Obviously won't work on the Tera, with only 1 level of memory. On the
other hand, we should make sure it doesn't give some sort of spurious
answer.

(2) Should STREAM be extended to automagically measure latencies at each
level of a memory hierarchy? How would this be different than what
Larry McVoy does with lmbench/lat_mem_rd? Is it possible or desirable
to measure a "different kind" of latency than lmbench measures?

I guess I need to study McVoy's stuff. To measure latency on a Tera,
I think we'd need to time a simple loop, compiled with flags to
prevent parallelization and software pipelining. Easy enough for me
to do, but I'm not sure how easy it'd be to write a general-purpose
piece of code that would do this for all sorts of machines.

(3) Should STREAM be extended to automagically measure bandwidths and
latencies across distributed memory systems, such as the Convex cc-NUMA
machines, and the future SGI "Scalable Node" products?

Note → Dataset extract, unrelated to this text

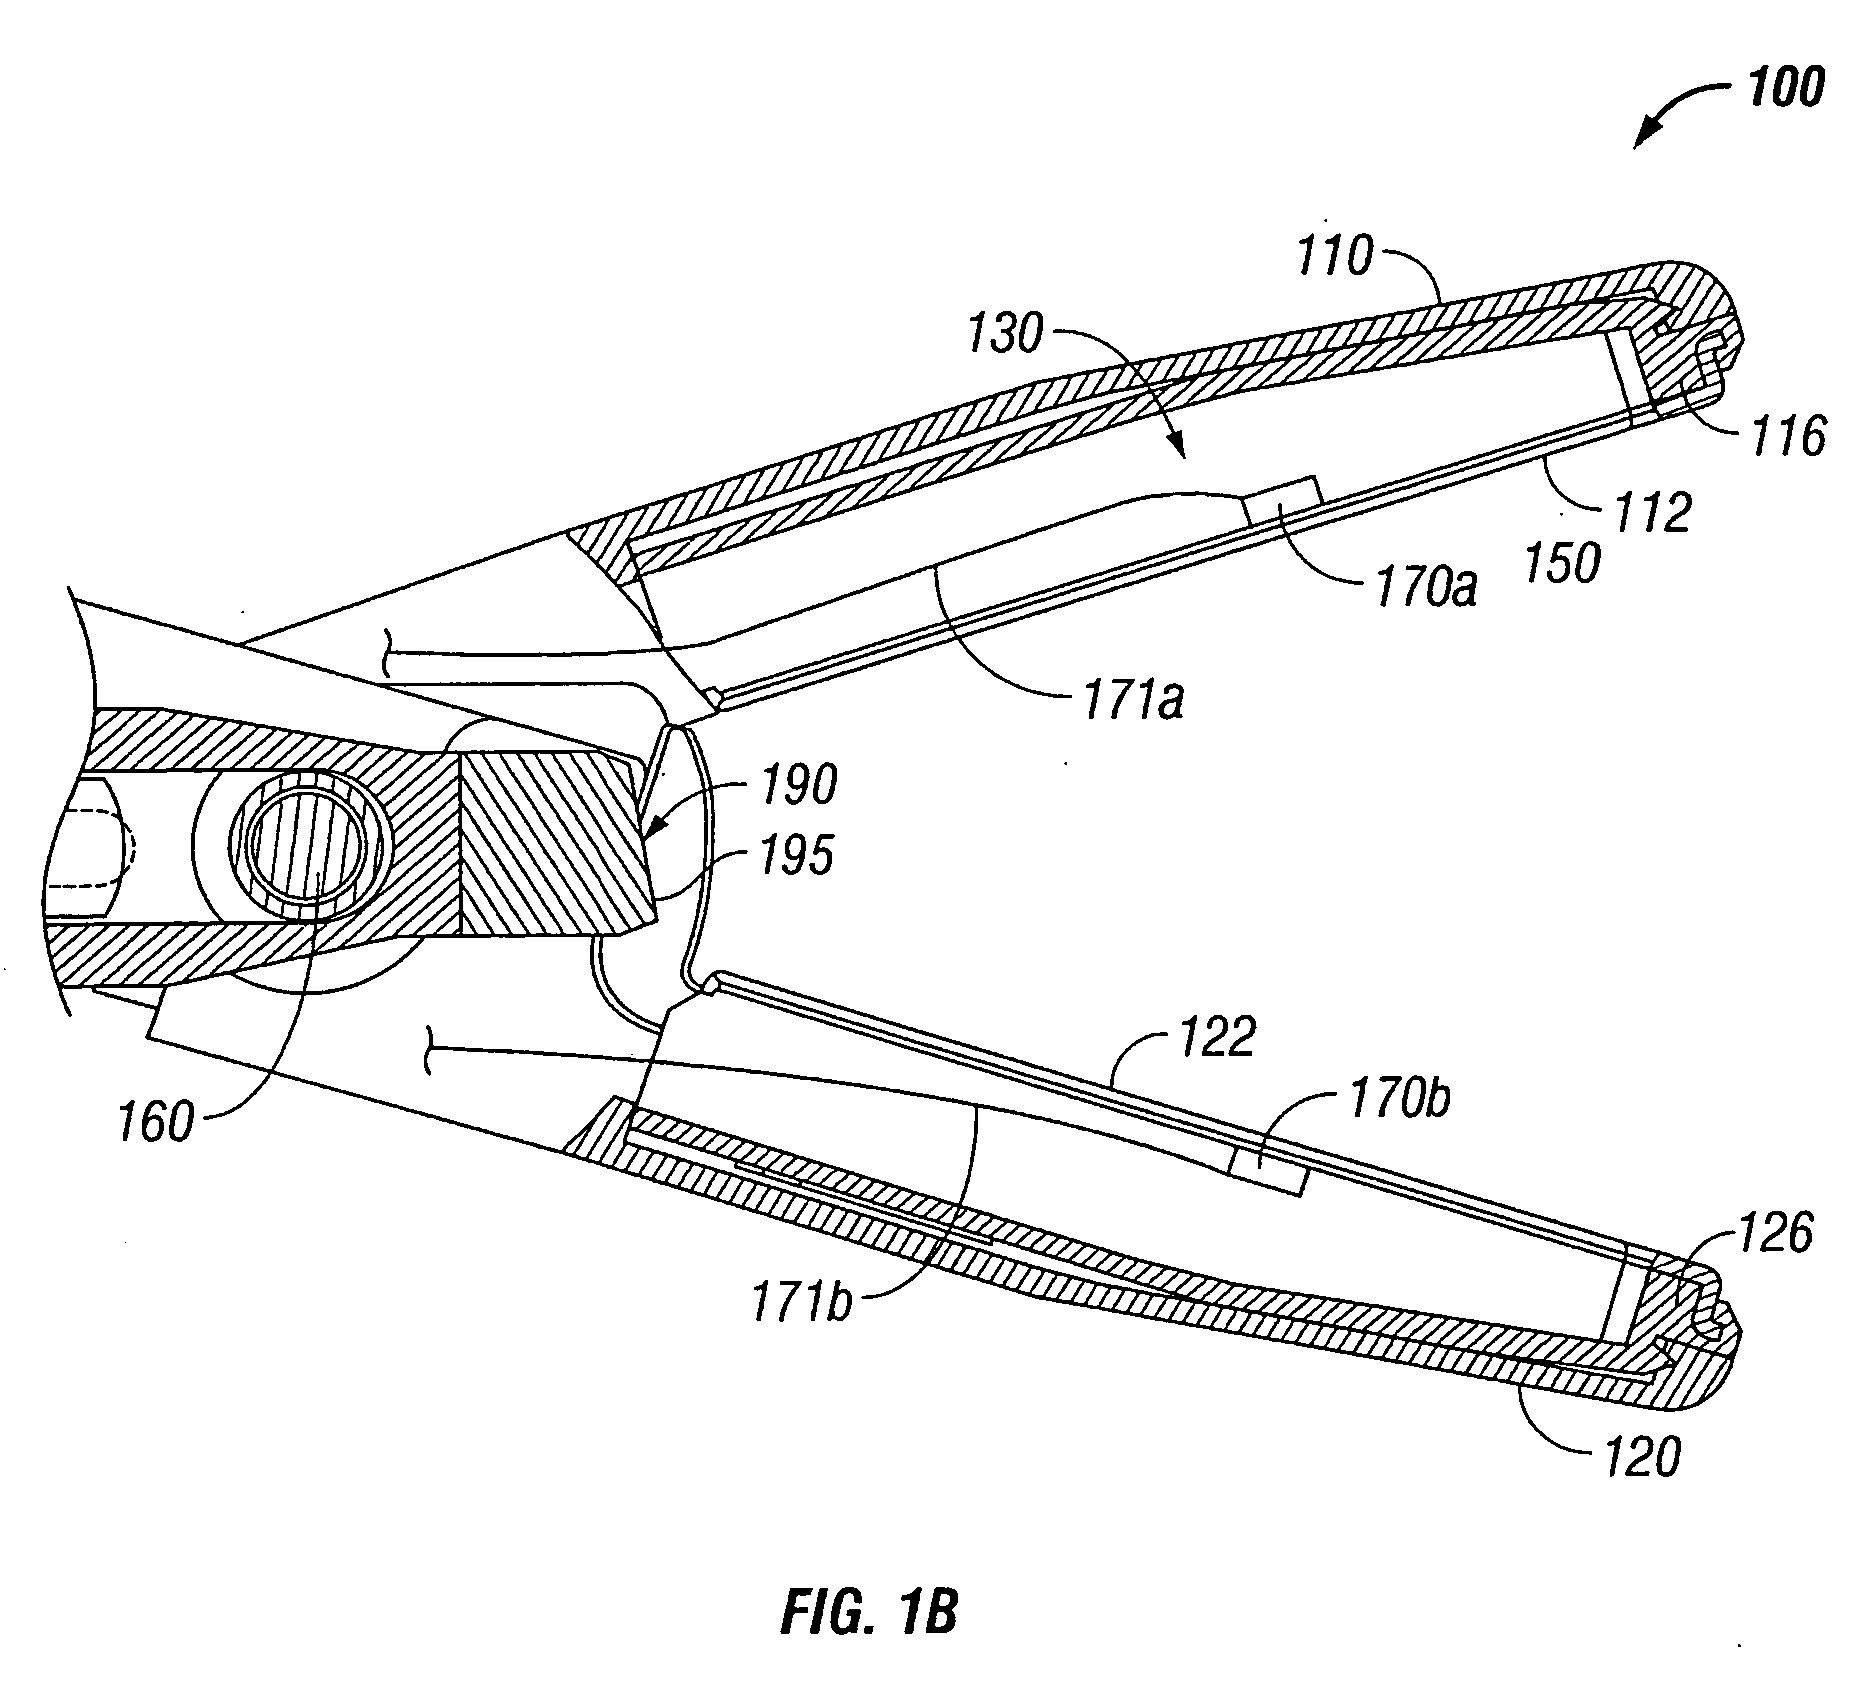 System and method for controlling electrode gap during tissue sealing

Hmmm, I was going to say this would be hard, but actually it's easy on
our machine. It'll just be twice the latency measured above. Again,
I haven't a clue how to do it in the general case.

(4) If we are looking at multiprocessor machines with some kind of network
rather than a shared bus, do we want to look at "peak point-to-point"
performance, or performance in the presence of contention?

I'd think this would be useful. Not sure how to arrange it. I guess
one approach would be to saturate each processor with tight loops that
access random memory locations at every instruction.

Bill Broadley <bill@math.ucdavis.edu> wrote:
>I think if your looking for peak observable practical memory bandwidth
>to doing something more interesting then memcpy/bzero then stream does
>a good job, for a memstone I'd say (assign+Scale+sum+saxpy)/4 would

I disagree. All four of these (along with memcopy and bzero) will
give the same answer on our machine and, I expect, most
cache-dependent machines. Need to do something more interesting than
simple stride-1 vector operations.

Which is my biggest complaint about STREAM. Throw in some sort of
cache buster, e.g., a histogram

for (i = 0; i < n; i++)
bucket[key[i]]++;

where the size of the bucket array is fairly hefty (much bigger than
cache) and the values in the key vector are uniformly random.

Regarding C and Fortran... I don't care; won't make any difference to
me. Probably Broadley's argument that there's no free Fortran
compiler is pretty telling, though a fair amount of care will be
required to write C that can be generally compiled as well as Fortran.

Preston